Once you know what the purchase price range of your home will be, you can estimate how much to save for expenses including the down payment and closing costs.

Check your credit

Once you determine a budget, check your credit history. This typically involves pulling your credit reports from the three credit reporting bureaus (TransUnion, Experian, and Equifax) in order to better understand your credit score. If your score is high, you’ll receive a lower interest rate. Use a reputable website such as Credit Karma, Credit Sesame, Credit.com, or WalletHub.

Find a real estate agent

Buying a home can be an emotional, complicated, and intimidating process. It’s a good idea to have an experienced professional on your side looking out for your best interests and answering questions that arise.

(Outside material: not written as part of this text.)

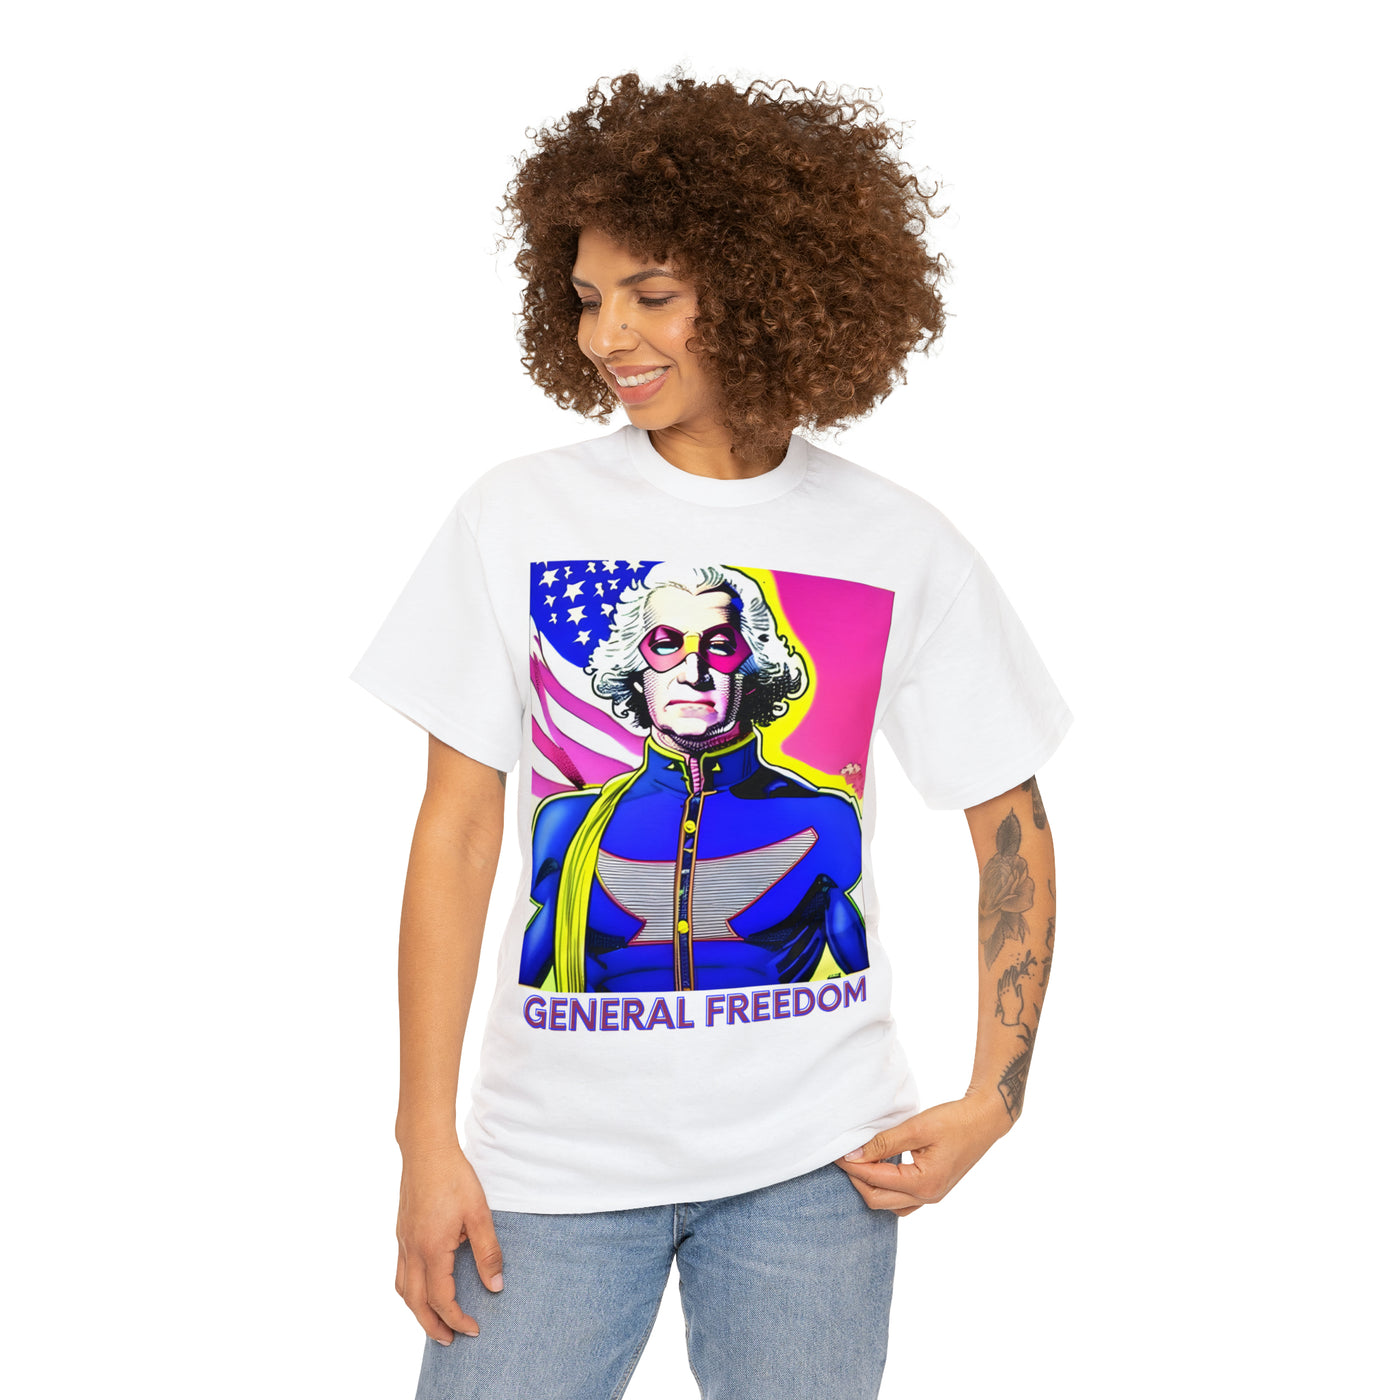 George Washington 'General Freedom' Patriotic Super Hero T-Shirt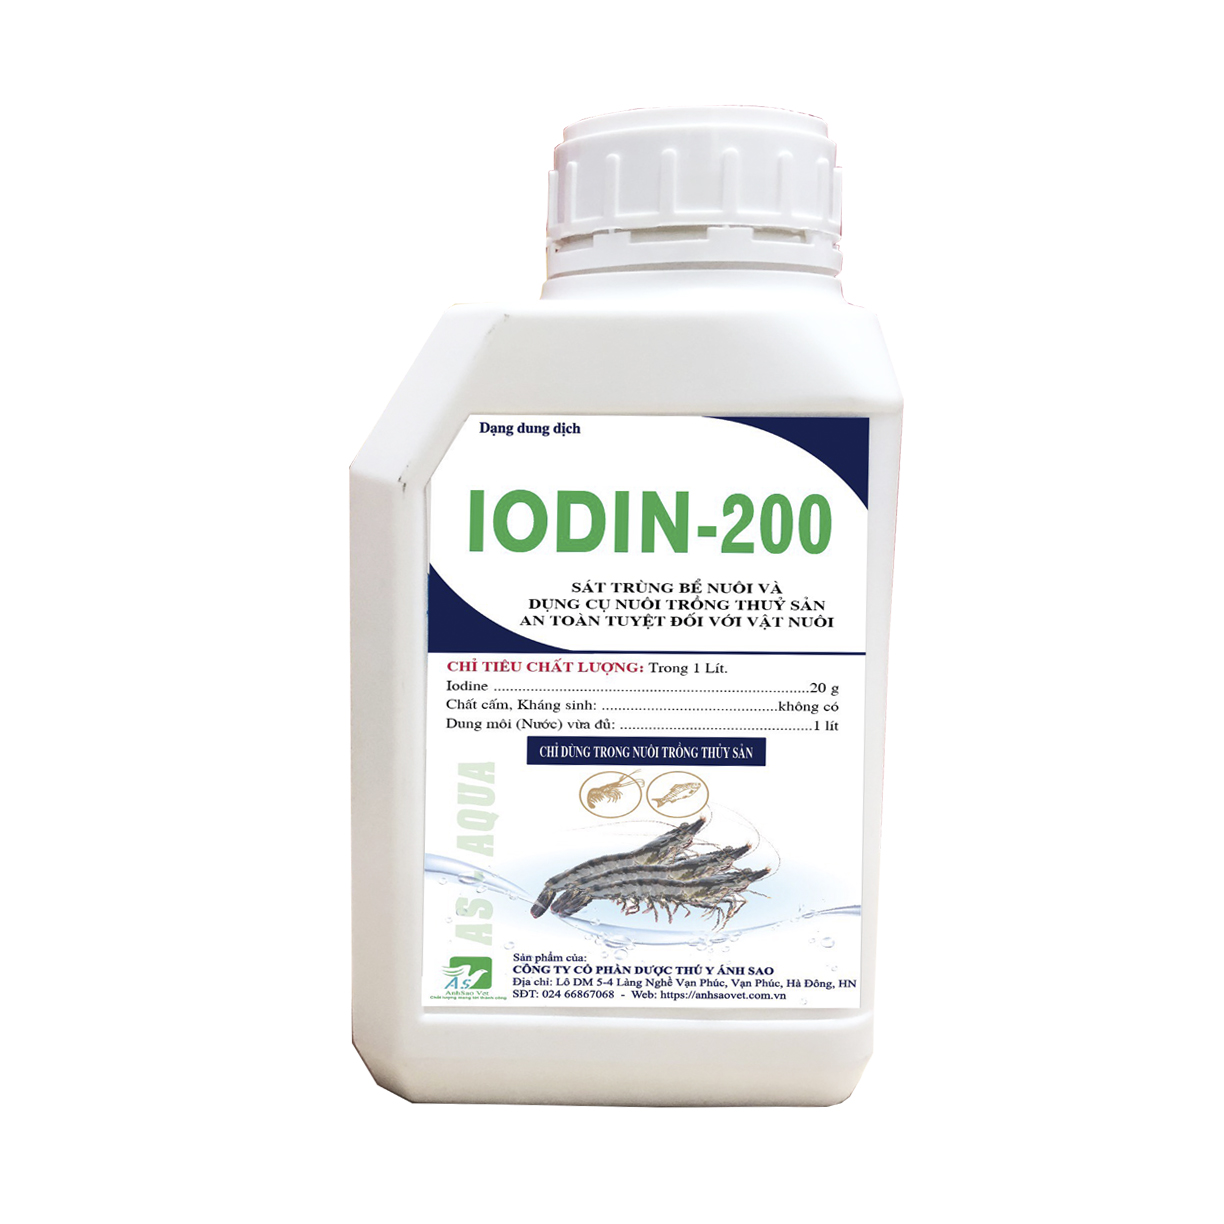 IODIN-200

A buyer’s agent will help you navigate the complex home-buying process. In many cases, they might even help you find a property before it hits the real estate market.

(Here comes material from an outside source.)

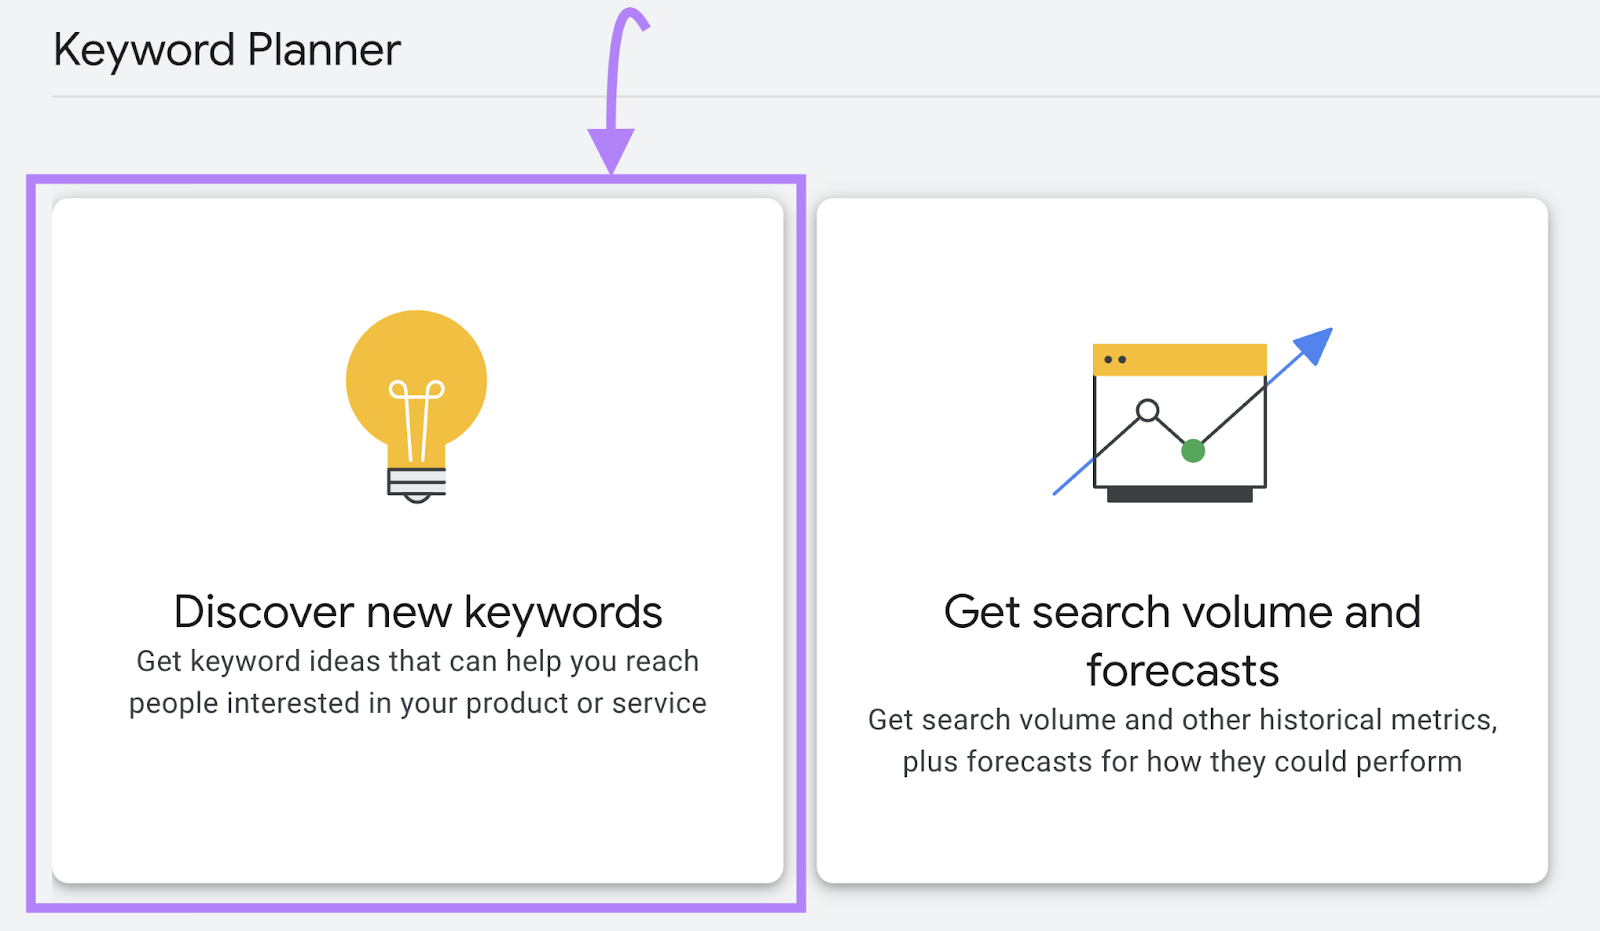 "Discover new keywords" widget selected under Keyword Planner

Identify a balance between finances and desires

Go into your home search with a clear idea of what matters in a new home. Create a list that includes two types of characteristics:

  • Non negotiables are features that you MUST have in your new home. This typically includes things that are difficult or impossible to modify such as location, lot size, and the number of bedrooms.
  • Nice-to-haves are features that you’d LIKE to have in your new home but aren’t dealbreakers, especially because they can often be changed. Think cosmetic aspects like flooring, counters, and outdoor spaces. Research potential neighborhoods and prices for homes with these characteristics. Doing the research up front will make your search for the perfect home more focused. In addition, you’ll be better prepared to strike a balance between the features you want and what you can reasonably afford.

Shop for a mortgage and get it finalized

Loan preapproval is powerful when it comes to making an offer on a house you want. On top of that, it gives you a better idea of how much you can comfortably afford. However, remember that once you’ve been pre-approved for a mortgage, you’ll still have to get final loan approval.

Be patient with this part of the process. You’ll have to document your income, assets, and monthly expenses so your lender can determine if you’ll be able to afford the monthly principal and interest payment. Getting final loan approval means that you have to keep your finances and credit in line during underwriting.

Make an offer

It’s best to make your offer based on a CMA (comparative market analysis) done by your real estate agent. Understanding how you can make an attractive offer on a property will help increase your chances the seller will accept it.

Protect your investment

Home Price Protection helps you safeguard your home in case of an economic downturn. Just like homeowner’s insurance, a monthly payment provides coverage during times your home’s value drops, supplying payments to offset rising costs, job loss, and other concerns.

Takeaways

  1. Before starting your buying journey, decide on a budget and build up a support team. You will likely need a real estate agent, lawyer, and a banker or mortgage broker.
  2. Consider how your credit score impacts your interest rate and monthly payments.
  3. Confirm your finances and have a loan approval from your bank or lender before getting serious about a property.